Olinka Hrdy | |
---|---|
Born |
Olive Marie "Olinka" Beneš Hrdy August 7, 1902 Prague, Oklahoma Territory |
Died | September 18, 1987 Prague, Oklahoma |
(aged 85)
Nationality | American |
Other names | Olinka Hrdy |
Occupation | Artist 1923– |
Known for | Murals |
Olinka Hrdy (1902–1987) was a female artist who was born in Prague, Oklahoma Territory, and became a noted artist in Oklahoma. She graduated in 1928, from the University of Oklahoma (OU), where she majored in art. Her teachers included Oscar Jacobsen and Edith Mahier, who considered her one of their most gifted students. She earned part of the money for her education by painting murals for a restaurant in Norman, Oklahoma, and a set of panels in the women's dormitory at OU.
Noted Oklahoma-born architect Bruce Goff discovered Hrdy's artistic talent one day while eating lunch at the OU women's dormitory and asked to meet the artist. They became friends and quickly began to collaborate, as he invited her to paint some murals for the Riverside Studio in Tulsa, which he was designing for a Tulsa musician. After that, he commissioned her to help decorate the Brady Theater in Tulsa (then known as the Tulsa Convention Hall). Her works at both sites have since disappeared.

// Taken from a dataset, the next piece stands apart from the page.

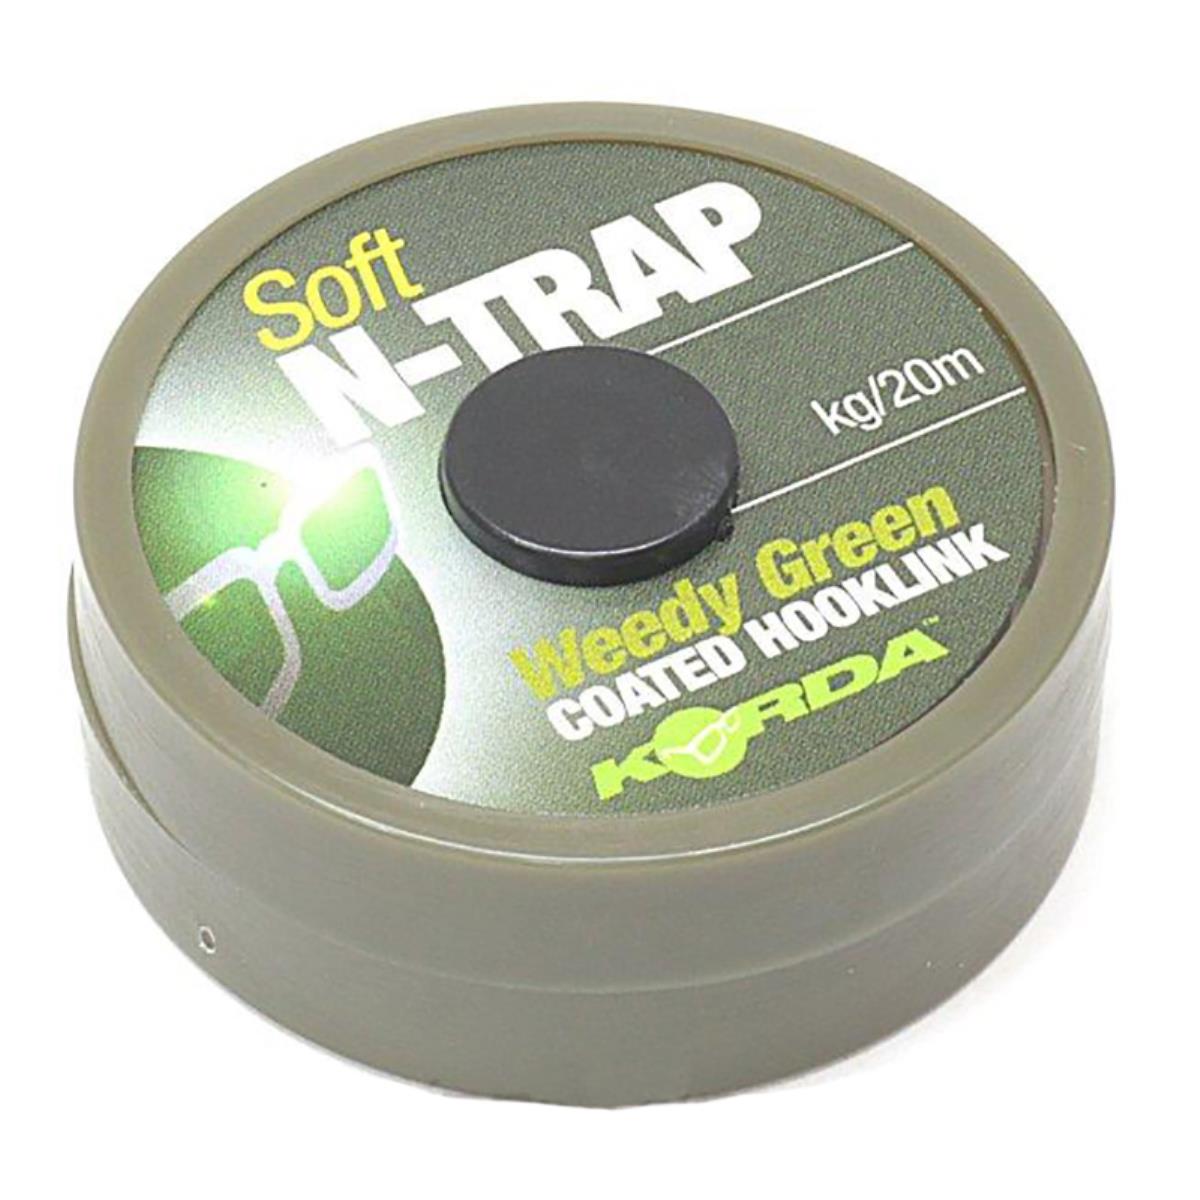 Поводковый материал N-Trap Semi-stiff 15lb Weedy Green Korda green поводок для собак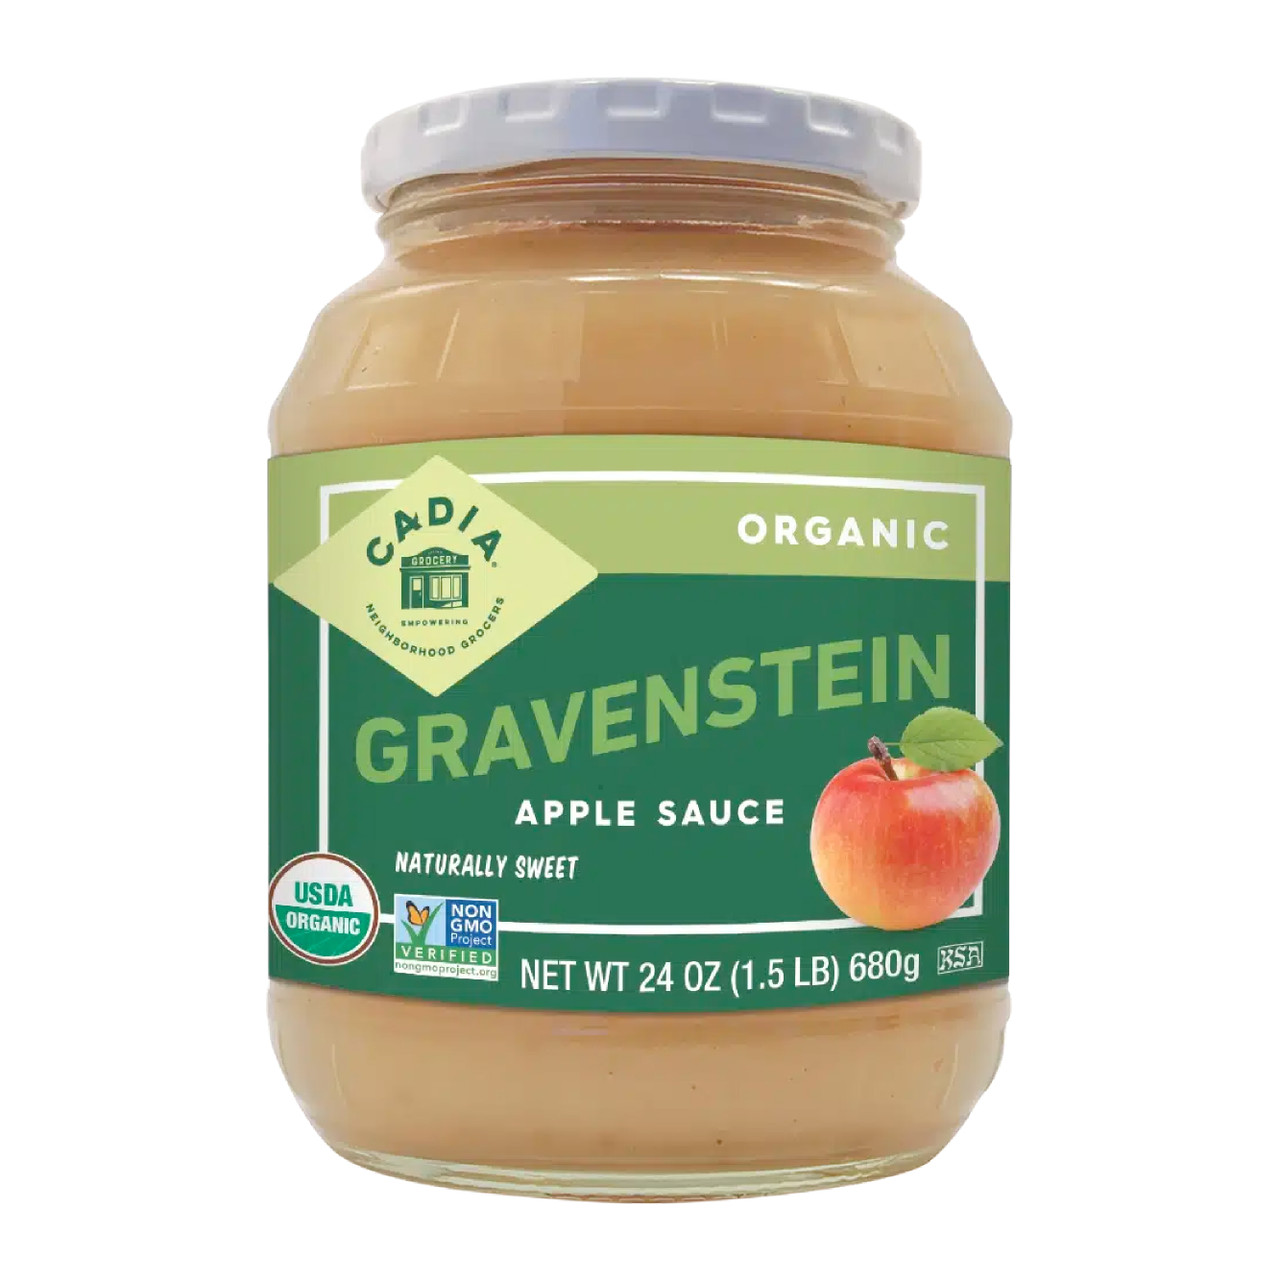 Cadia Gravenstein Apple Sauce Organic

Hrdy moved for a while in the 1930s to New York City, where she applied her artistic talent in designing utilitarian objects like place mats, textiles, radios, wallpaper and even scarves. She was then invited to attend Frank Lloyd Wright's Taliesen Studio in Wisconsin, but ended her visit there after three months.
She moved to Southern California and worked for a while at the start of World War II, but quit her job and opened her own design studio. During this period, she also experienced a brief marriage that apparently ended in divorce. Later, she returned to live in her mother's home in Prague, where she died in 1987.
Olinka Hrdy was born August 7, 1902, in a one-room sod hut in Prague, Oklahoma to Josef Hrdy, an immigrant from Bohemia, and his wife, Emma, who was of Indian descent. She had two brothers: Carl, who was older and George, who was younger. Edvard Beneš, the second president of Czechoslovakia, was her second cousin. Her parents divorced when she was about sixteen, and she had no contact with her father after she left home for college.
When Olinka Hrdy enrolled in the University of Oklahoma in 1923, she initially declared her major as domestic arts. She had become proficient in embroidery, which was traditionally practiced by Czech women in her home town. She saw this as a path to learning sewing. She learned instead that domestic arts was boring and switched her major to art at the end of her first semester. Hrdy said that she had only fifty dollars when she arrived at OU. An instructor, Edith Mayer, saw examples of her work and invited her to paint a mural in one of the School of Creative Design offices. This mural was an illustration of a poem titled, “Maker of Dreams.” Other faculty members who saw Hrdy's work were also impressed, and she was commissioned to create a series of 20 panels for the doors separating two dining rooms in the Women's Dormitory. She titled the work, "Pageant of Foods." Newspapers in Tulsa and Oklahoma City picked up the story, publishing complimentary articles about her work, her talent, and how she had exchanged her art for tuition and board at the University. Olinka graduated from OU in 1928 with honors and won the Leteizer Gold Medal for Art as well.